Jobs threat to 60 at university

Swansea University
Around 70 staff have already been redeployed at the university

Around 60 academic and support staff at Swansea University may find themselves without jobs at the end of the year.

The university says external funding for 130 posts will stop with the end of European Union Objective One funding, but some 70 staff have been redeployed.

It said it was working to secure jobs for the remaining 60.

One union said the assembly government and EU could do more to co-ordinate the continuity of funding for those on fixed-term contracts.

A university spokesperson said: "A small proportion of university staff is employed on fixed-term contracts as a result of externally-funded projects - this is common practice across most UK universities.

"The end of the Objective 1 programme has however resulted in a number of posts terminating on 31 December.

"In June we identified up to 130 externally-funded academic and support staff that might be affected.

"In fact 70 of these have already been redeployed within the university or have their contracts renewed."

Staff anxiety

It said there was "well-developed and extensive consultation procedures" it was following that ensured staff coming to the end of their contracts were automatically informed of all new posts.

"The university is currently working to secure alternative funding for those remaining," added the spokesperson.

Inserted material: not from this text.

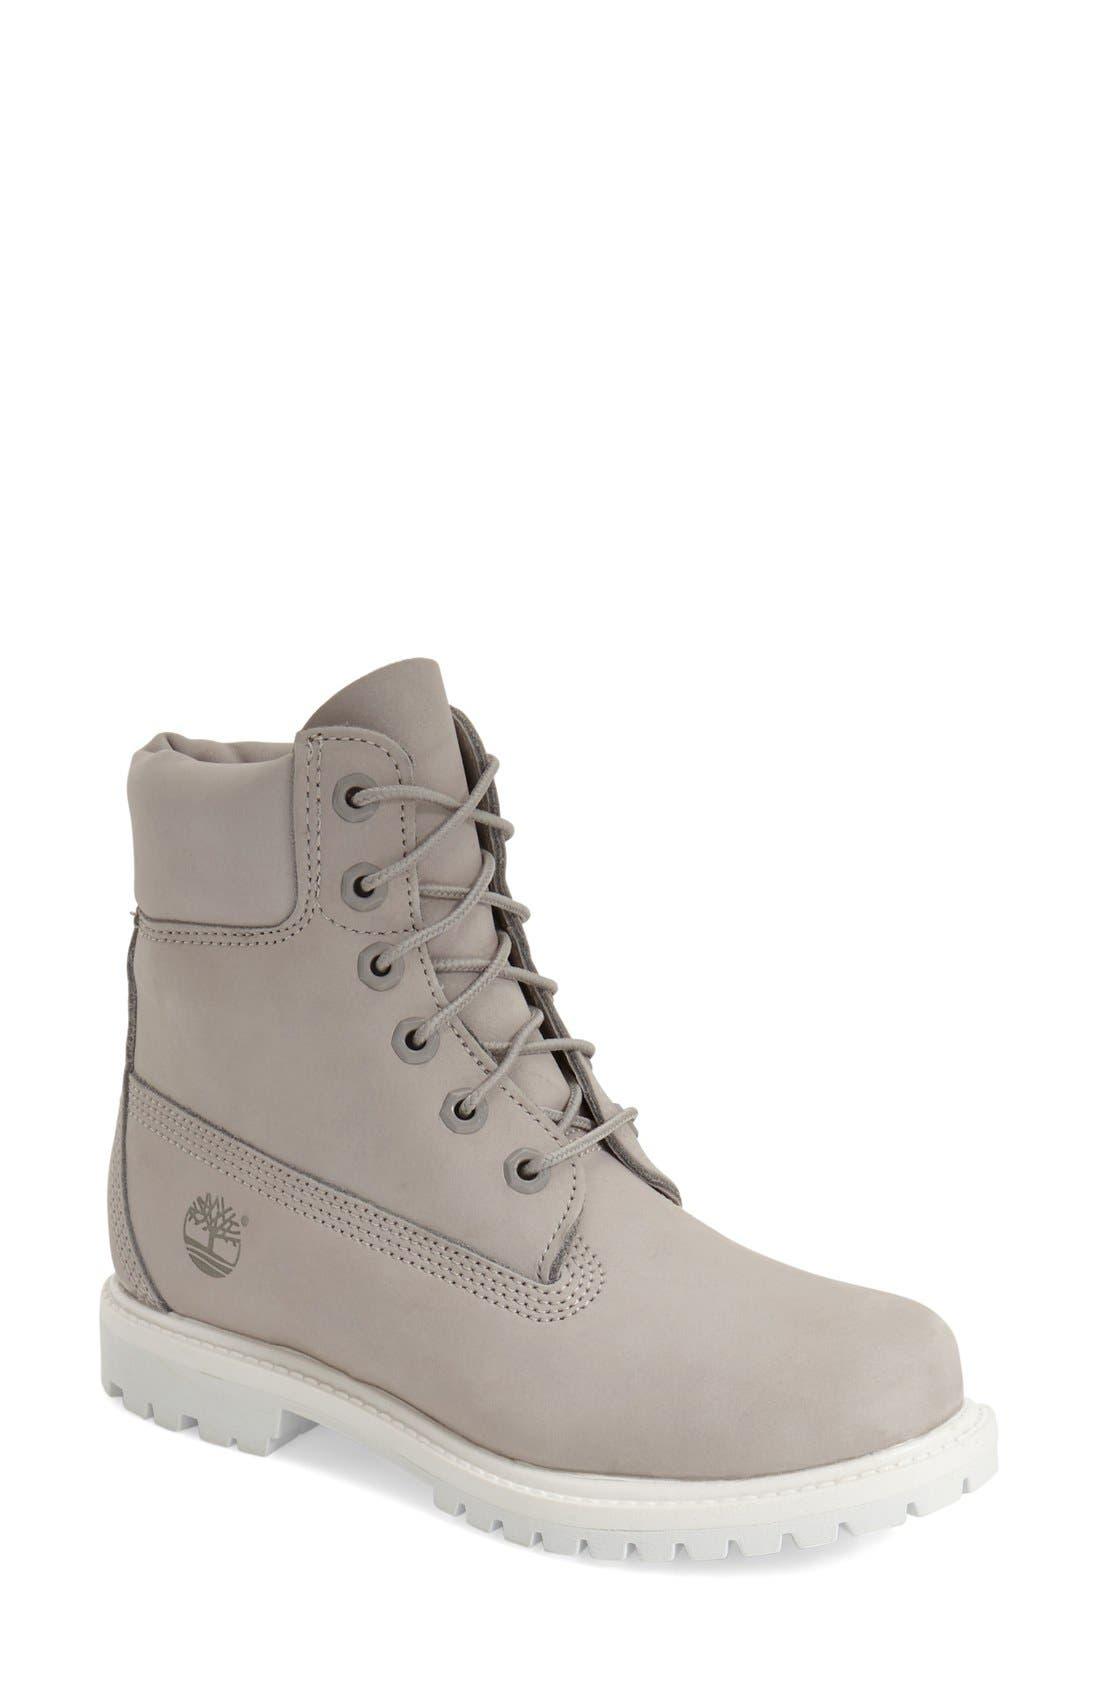 Alternate Image 1 Selected - Timberland '6 Inch Premium' Waterproof Boot (Women)

Andrew Morgan, president of Swansea's University and College Union, which represents academic, research and administrative staff, said to date the university had acted "with appropriate care" towards those affected.

"I would be hopeful that a very significant number of these will be resolved in an appropriate fashion but that does not stop anxiety amongst staff about potential job losses," he added.

"There are a fair number of staff at anyone time, especially research staff, on fixed term contracts."

He said the assembly government and EU needed to be better coordinated to stop short-term funding gaps.